Only the lines from the one that contains "wholesome memes - Or" through the last line of the data below should be duplicated, exactly and without pictures.

Exercise data:
_____

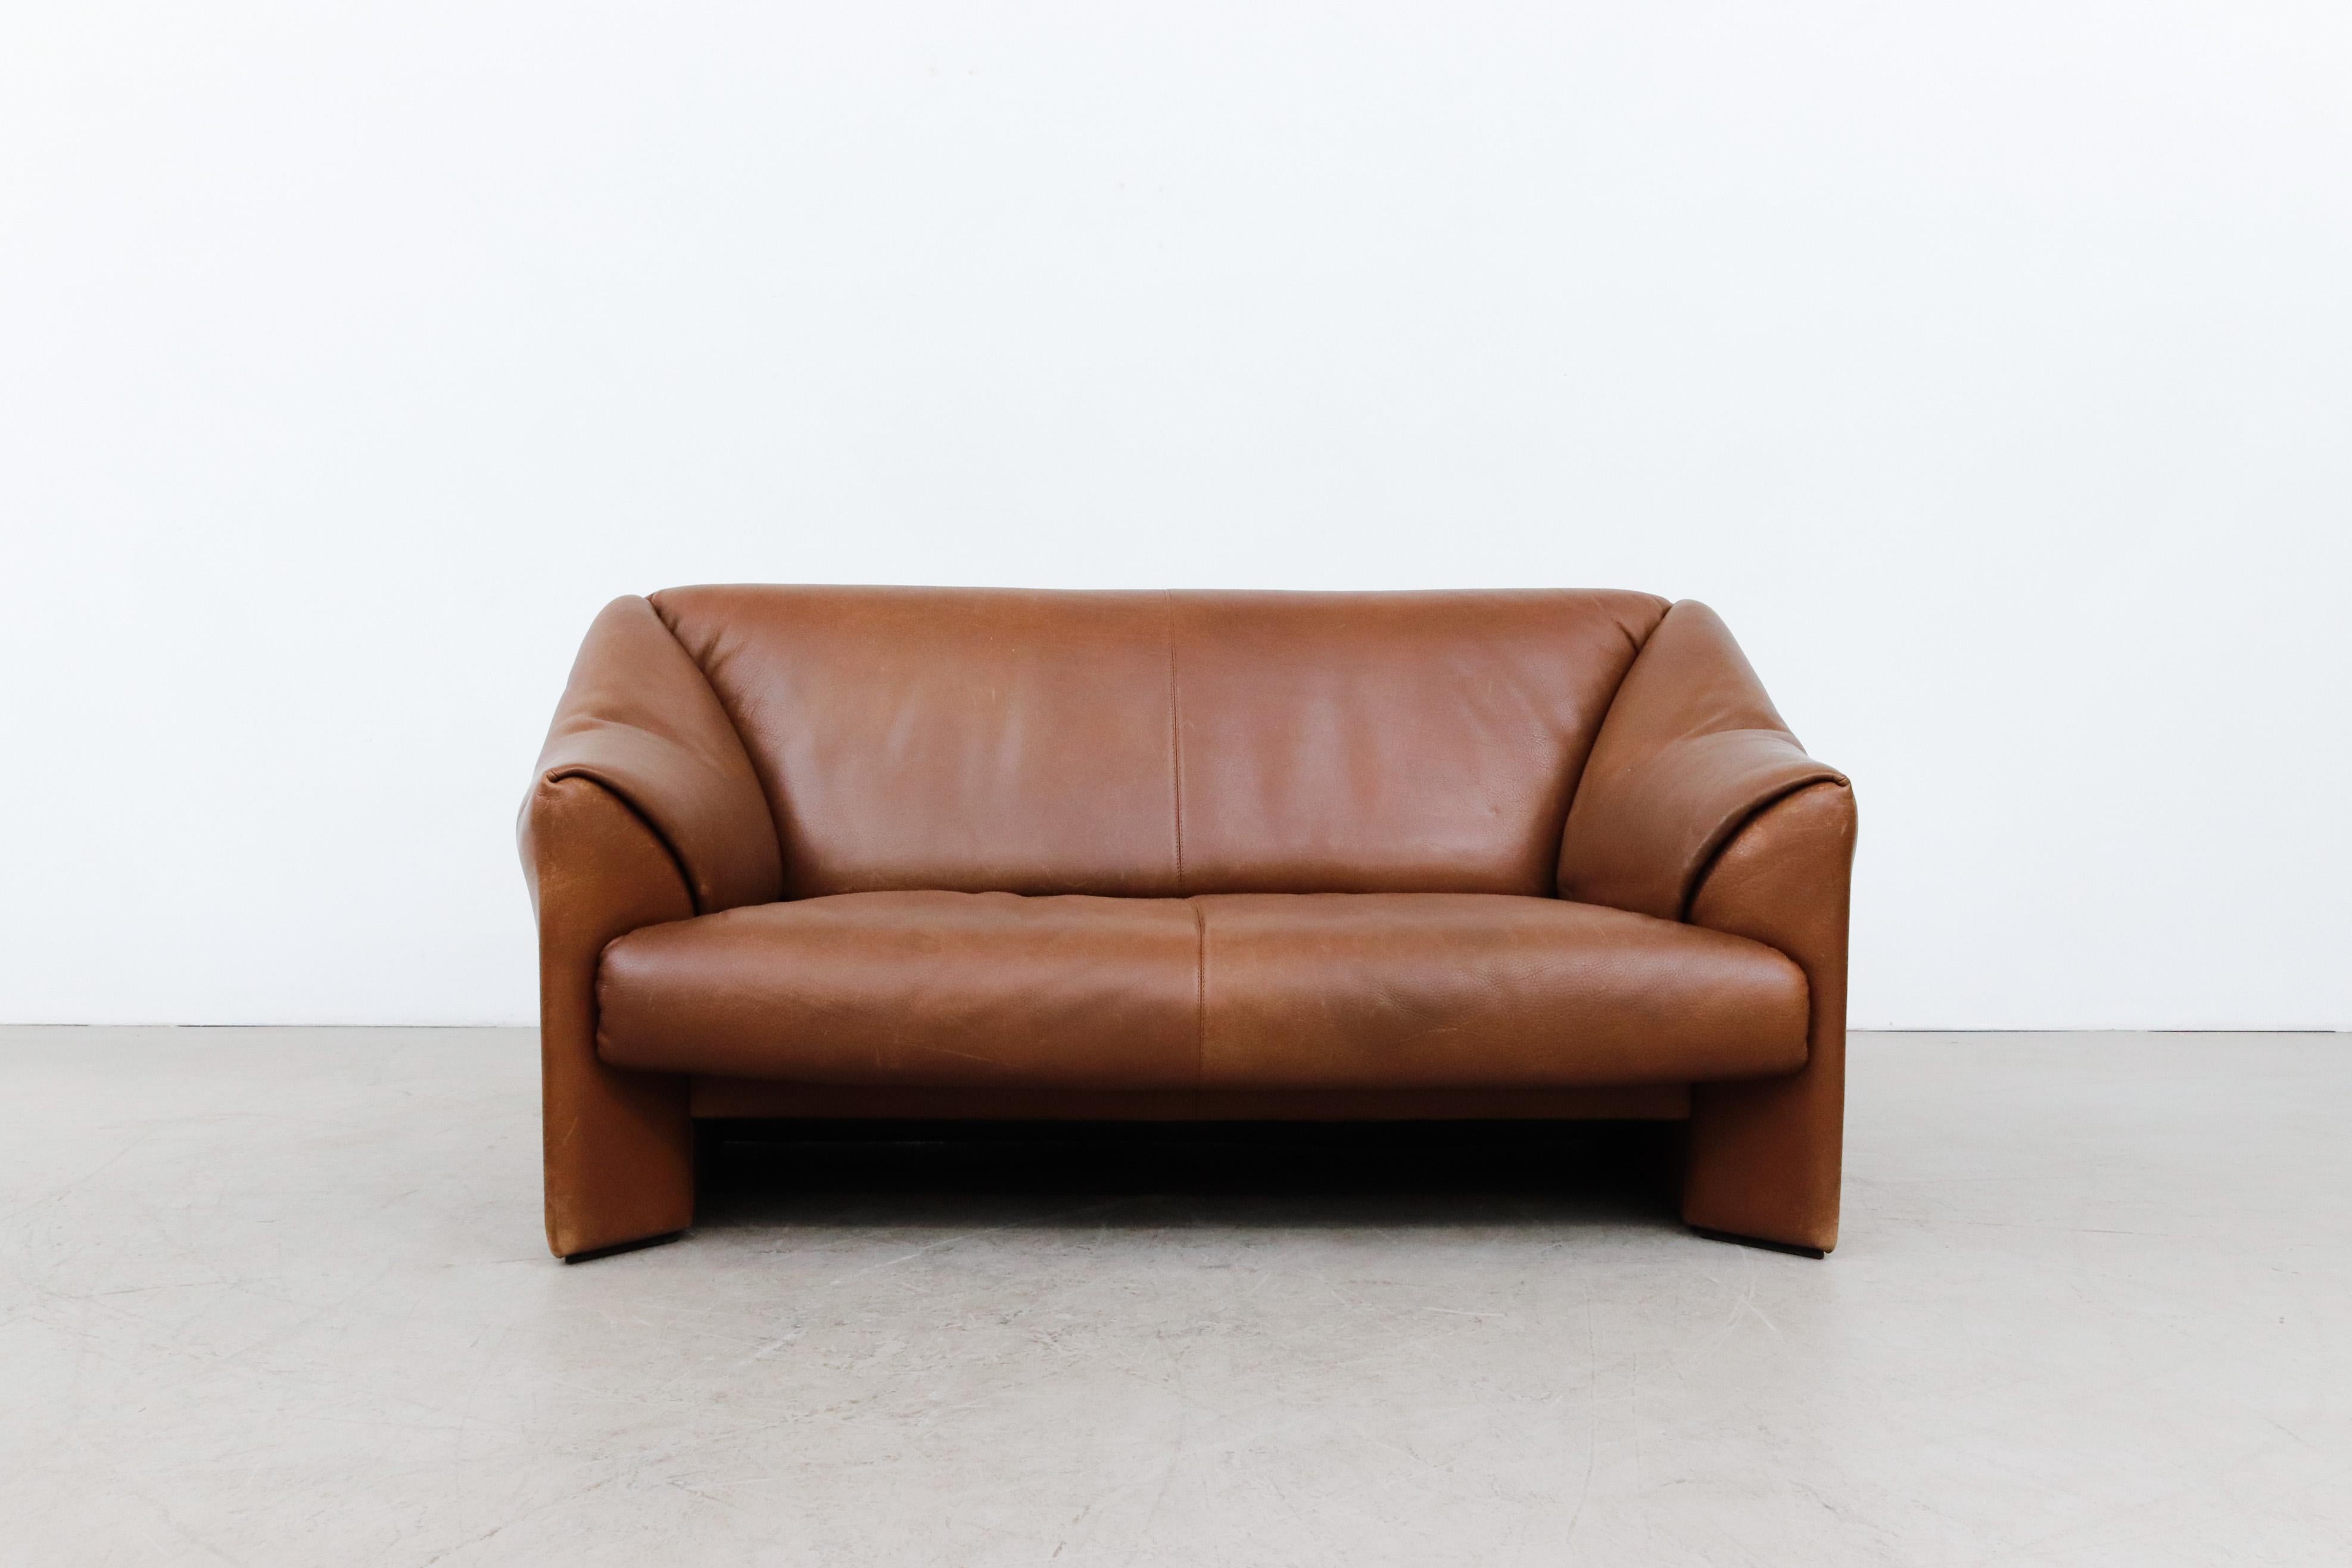 Handsome Leolux Buffalo leather 'DS47' style loveseat in original condition with normal wear and visible patina. Some imprints in leather from transport that should reduce over time. Wear is consistent with its Age and Use.
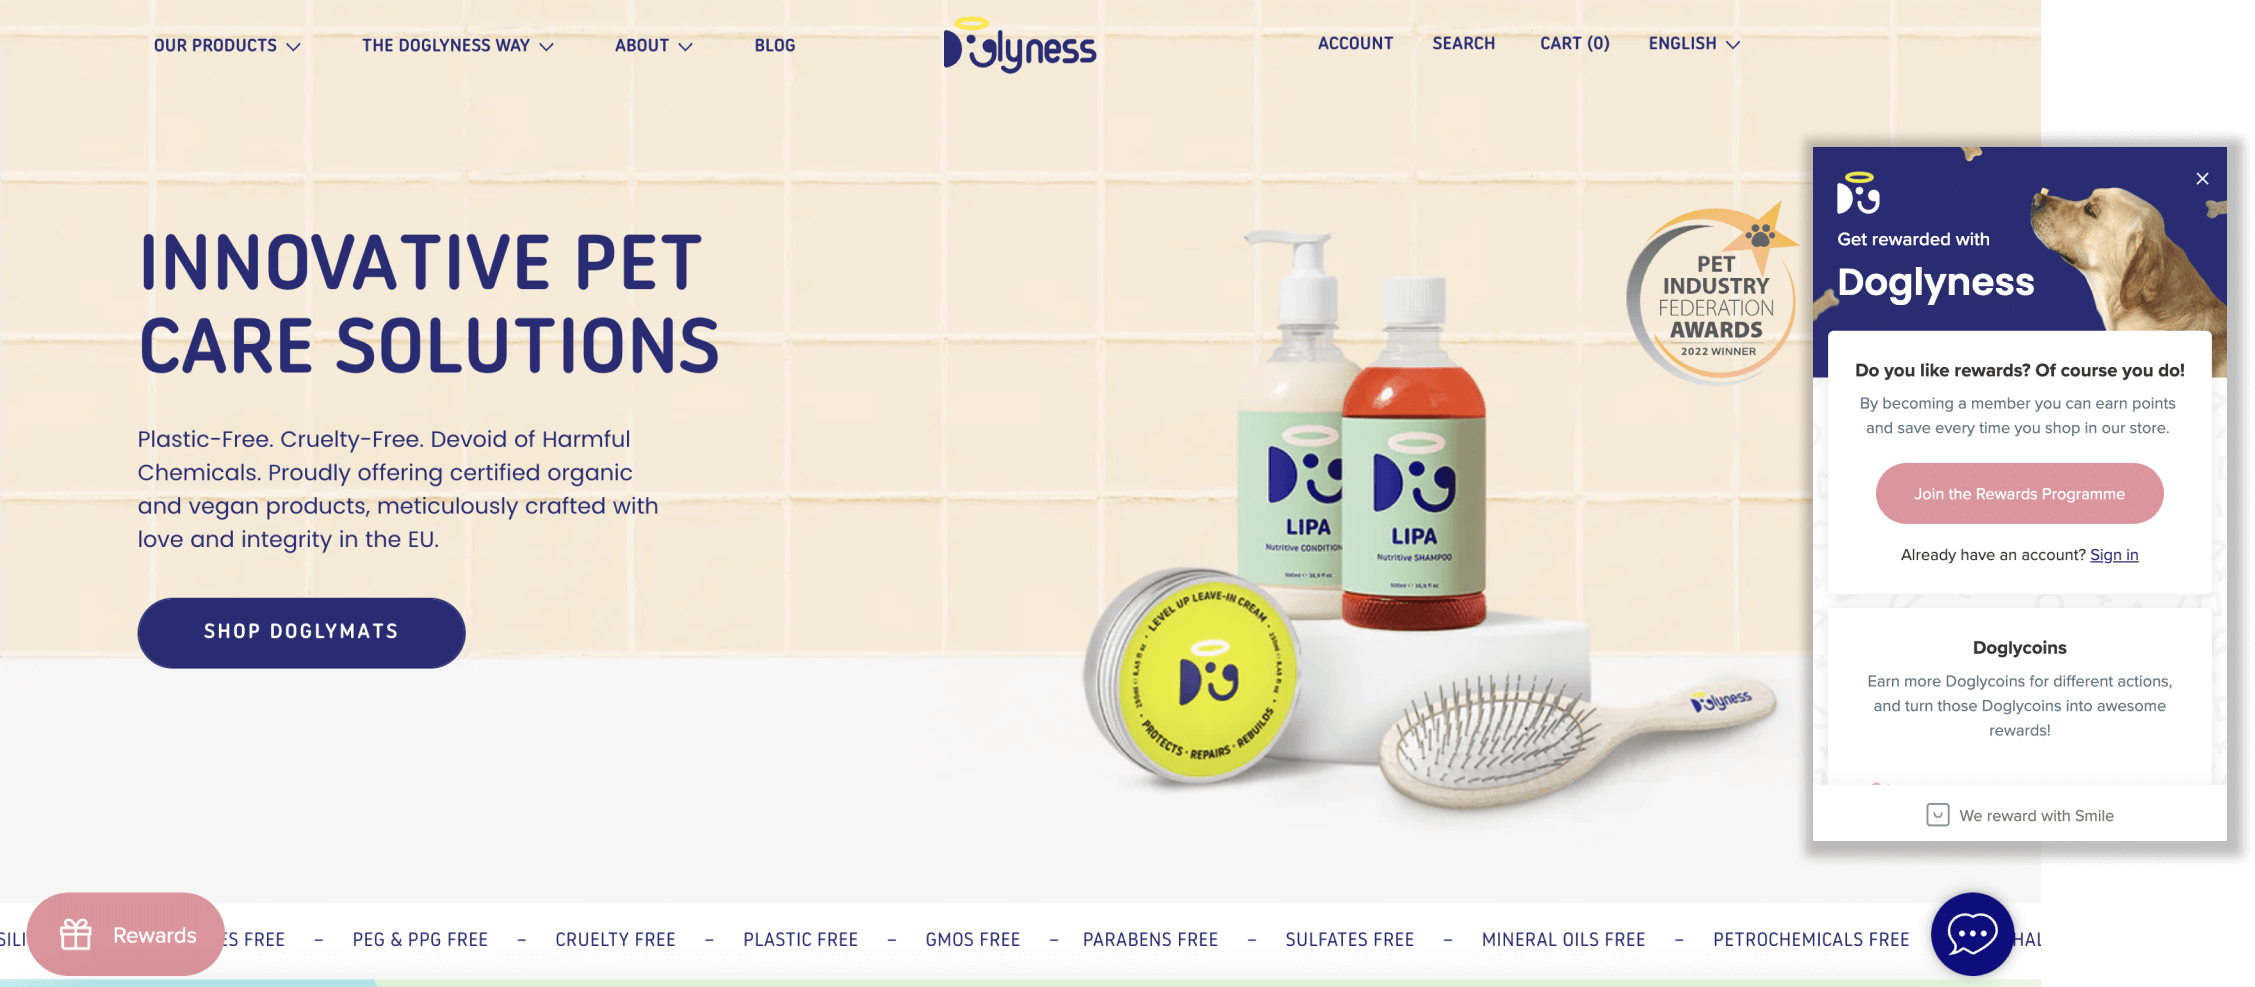 A screenshot from Dogylness’ homepage showing images of its products. There is also a screenshot of its rewards program panel where customers can earn Doglycoins. 
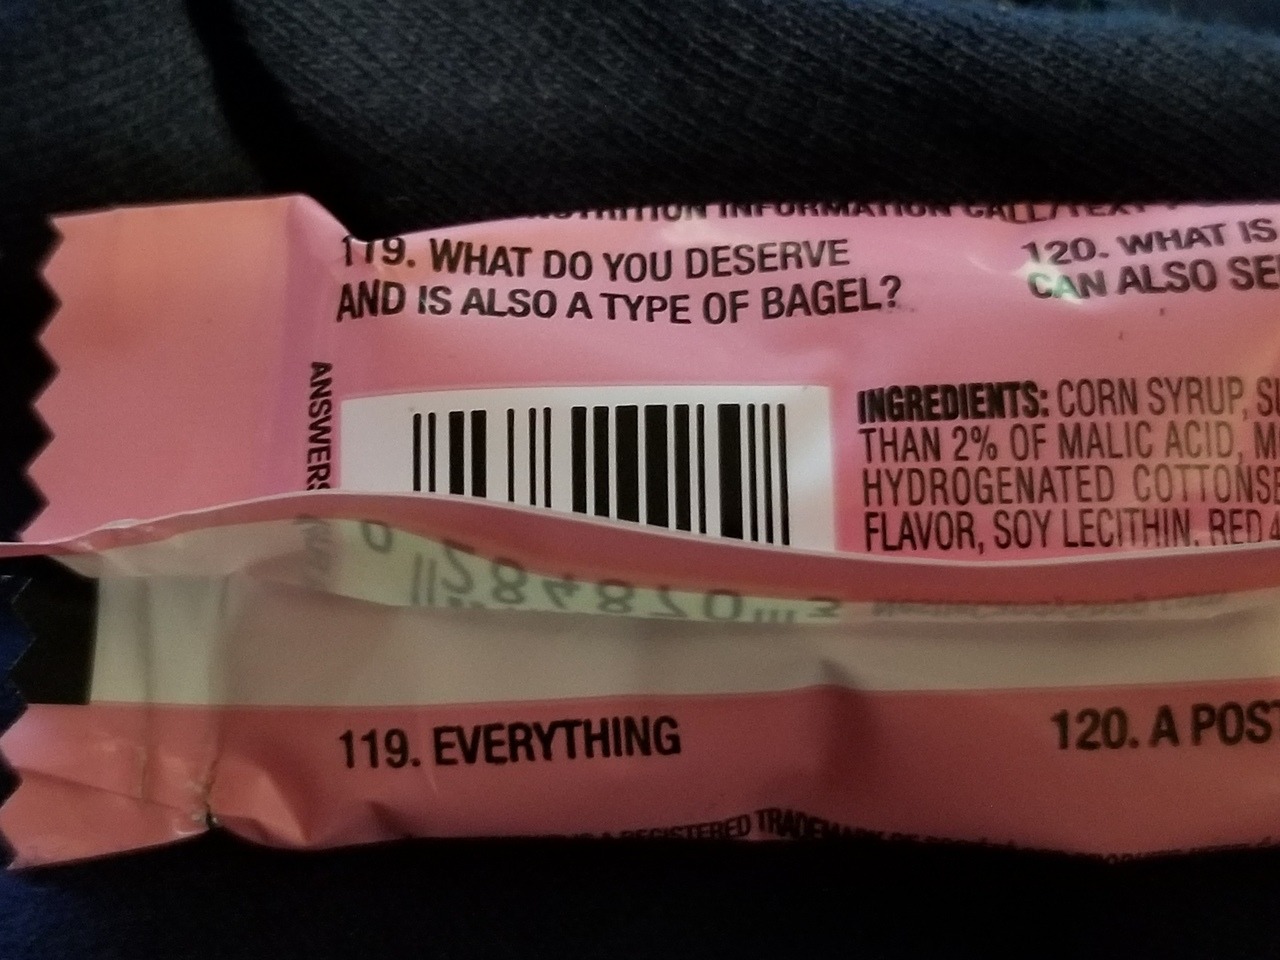 wholesome memes - Or Information 119. What Do You Deserve And Is Also A Type Of Bagel? 120. What Is Can Also Se Answer Ingredients Corn Syrup, Si Than 2% Of Malic Acid, M Hydrogenated Cottonse Flavor, Soy Lecithin. Red 4 119. Everything 120. A Pos Stereo 
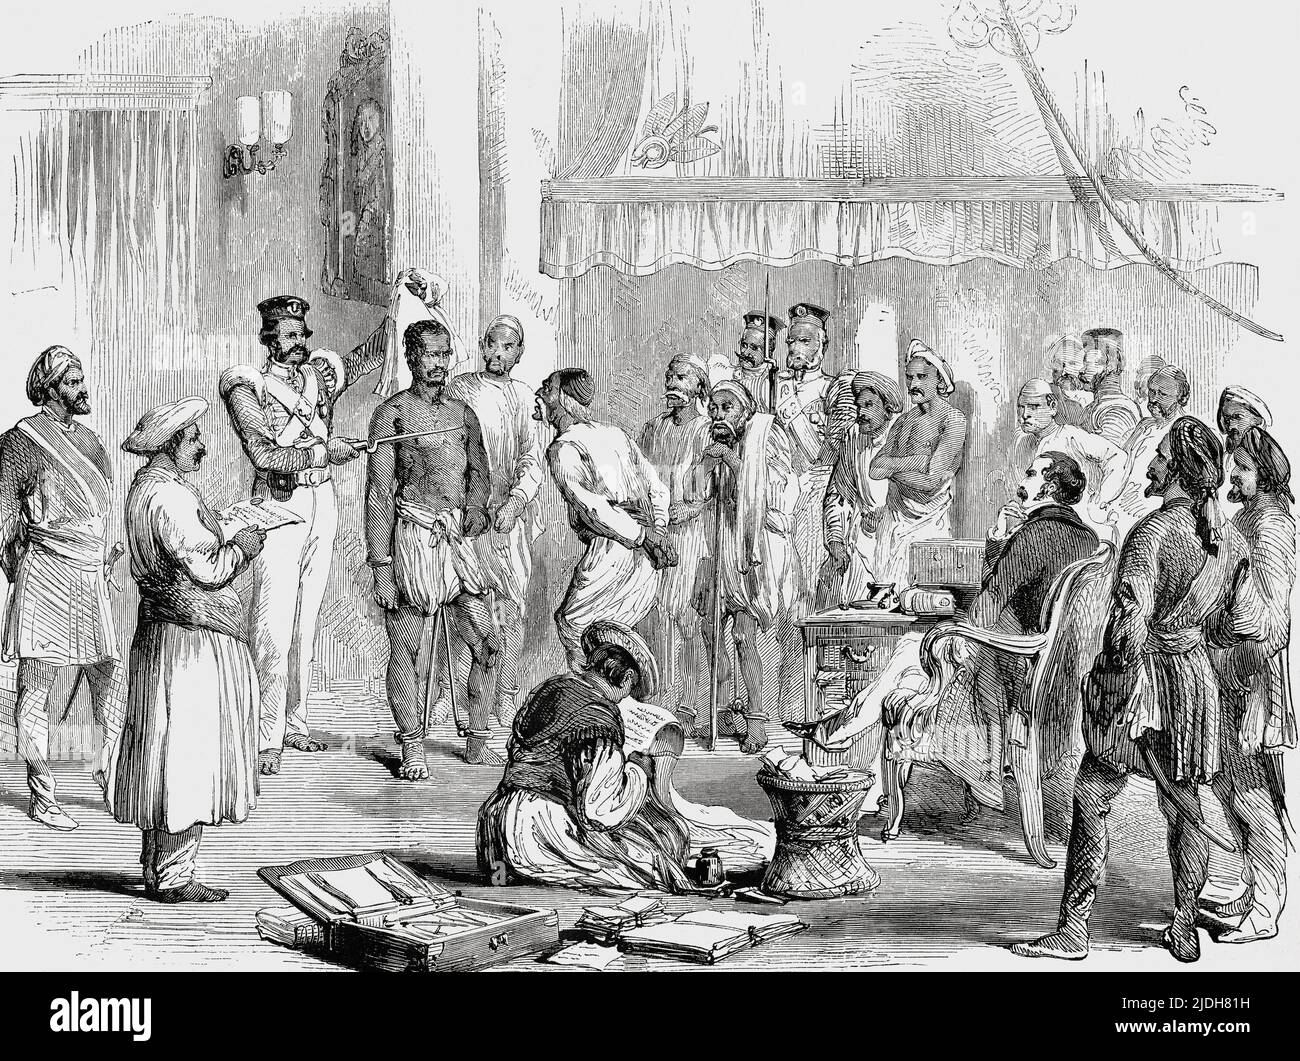 Magistrate's Cutchery(court) in Awadh or Oudh 1853. An Indian prisoner in irons accused of poisoning is brought before an English magistrate.  From L'Univers Illustre, published Paris, 1859 Stock Photo

_____

Answer:
 wholesome memes - Or Information 119. What Do You Deserve And Is Also A Type Of Bagel? 120. What Is Can Also Se Answer Ingredients Corn Syrup, Si Than 2% Of Malic Acid, M Hydrogenated Cottonse Flavor, Soy Lecithin. Red 4 119. Everything 120. A Pos Stereo 
 Magistrate's Cutchery(court) in Awadh or Oudh 1853. An Indian prisoner in irons accused of poisoning is brought before an English magistrate.  From L'Univers Illustre, published Paris, 1859 Stock Photo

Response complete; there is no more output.